To test or not to test — that is the question
President Biden is being tested by a pandemic that won’t quit. In his latest remarks to the nation, the president provided an update on the coronavirus and warned about a continued rise in cases. He reiterated the need for people to get vaccinations and boosters to avoid serious illness, saying there is plenty of supply available. “We have in hand all the vaccines we need to get every American fully vaccinated, including the booster shot,” he said.
But can the same be said of testing?
There remains a gap between what Biden is saying about COVID-19 test availability and what people are experiencing around the country right now. In Orlando, Fla., the lines get longer and longer to the point where people are being sent home without a test.
In New York City, home to Broadway and 24-hour-a-day life, people waited for over five hours for tests and were turned away. The Biden administration had to launch federally run COVID-19 testing sites in New York City and other areas overwhelmed by demand as the omicron variant causes record numbers of new coronavirus cases.
Parts of Massachusetts have car lines that look reminiscent of the early days of vaccinations as frustrated drivers crawled through traffic only to wait again at testing sites.
The good news from Biden is that insurance companies will provide reimbursement for tests (if you can find them), and he is promising that we will soon see more home tests on drugstore shelves. The U.S. government is launching a site later this month to get tests shipped to homes for free.
The most accurate tests available are polymerase chain reaction, or PCR, tests, which detect tiny fragments of the virus’s genetic material. Because the tests require specialized lab equipment, people have to wait for days to get their results, particularly when there are surges, as there are now, and as demand grows and logjams are created.
Rapid tests, on the other hand, find molecules that are found on the virus’s surface, called antigens. They’re not as accurate, but they can be run at home and provide results in as little as 15 minutes.
What is not available right now are home tests that distinguish between the delta and omicron variants, and the distinction is important for both transmissibility and treatment.
Another source of debate is around whether people coming out of isolation need to be tested, and how asymptomatic people should approach tests if they need them to travel or to access a public venue. Some states may decide to recommend that only high-risk people seek tests.

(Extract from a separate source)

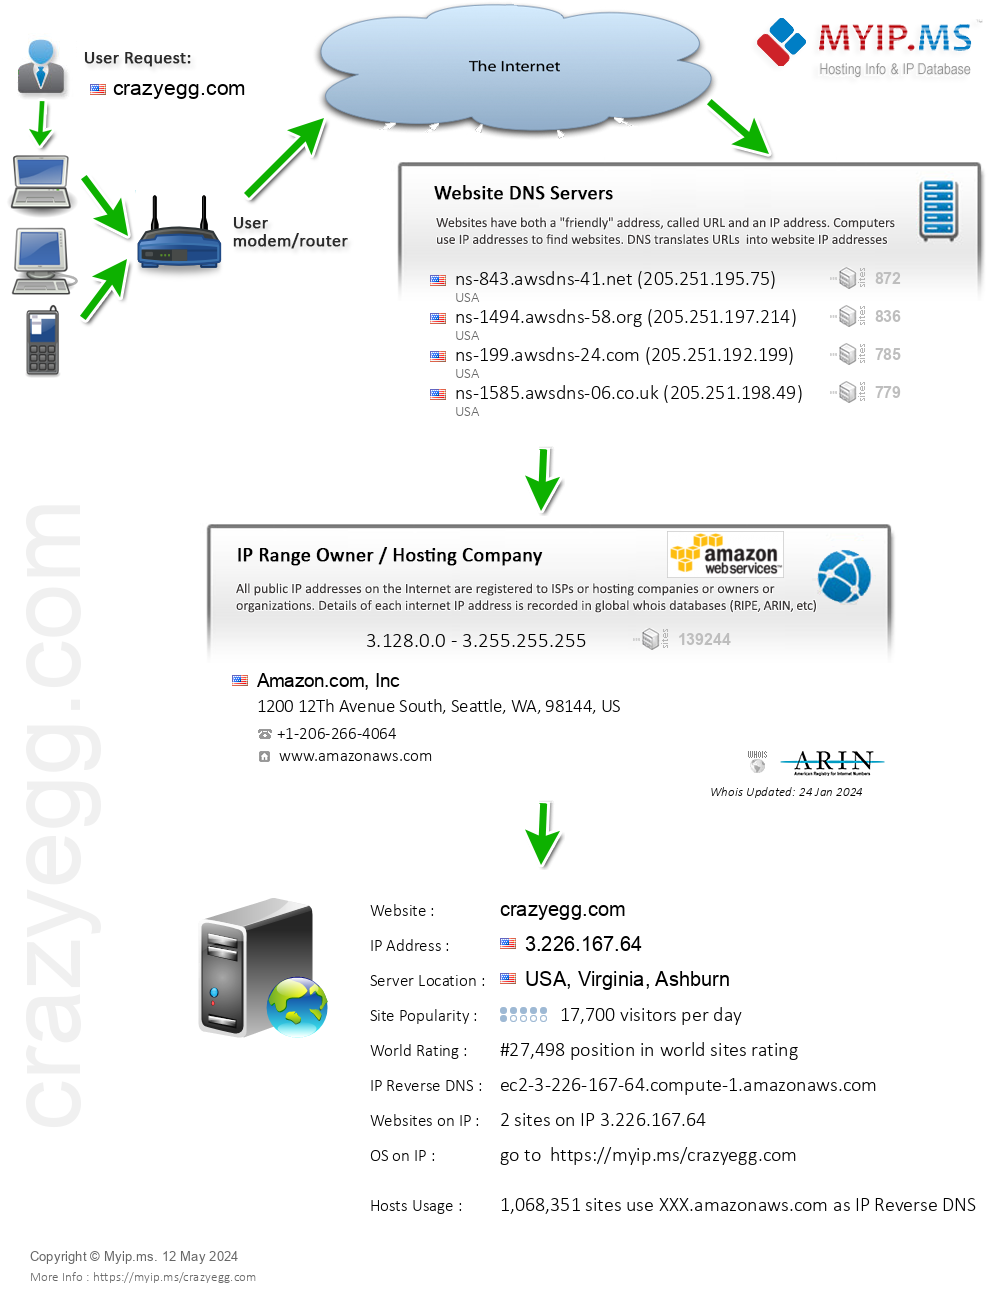 Crazyegg.com - Website Hosting Visual IP Diagram

Ultimately, the right questions to ask are: How did we get into this testing mess? And how do we get out of it?
First, we must encourage citizens to learn how to respond to a problem before it is a crisis. Tests were available months ago and sat idle on drugstore shelves. We knew variants were around the corner, but it took a blizzard before we all purchased salt and shovels.
Secondly, government must be more responsive to its own predictions. If you foresee a need for an item that could be potentially out of stock, then stock up. The Biden administration has worked to increase production and has provided 50 million rapid tests to community health centers. Schools have received state allocations of resources that presumably are being used, in part, for tests.
But government can’t do everything. We have a private sector. Abbott Labs, which produces the BinaxNOW at-home tests, says that is will increase its production of 50 million test kits per month to 70 million in January. We need corporate America to keep supply up and prices down.
Lastly, we need solid data on the effectiveness of home tests. The Food and Drug Administration (FDA) says it is monitoring and evaluating antigen tests on the market for their sensitivity to the omicron variant. Dr. Fauci, director of the National Institute of Allergy and Infectious Diseases, clarified at a White House briefing Wednesday that rapid tests are still essential and that the FDA released its initial findings suggesting diminished receptivity to be fully transparent. The FDA has not said which test kit brands it had evaluated.
And are we sure everyone is reporting test results correctly?
With guidelines constantly changing, the public needs confidence in science and government. We are only going to get out of this crisis with team effort. When it comes to public health, the public is the most important variant.
Tara D. Sonenshine is a former U.S. under-secretary of state for public diplomacy and public affairs.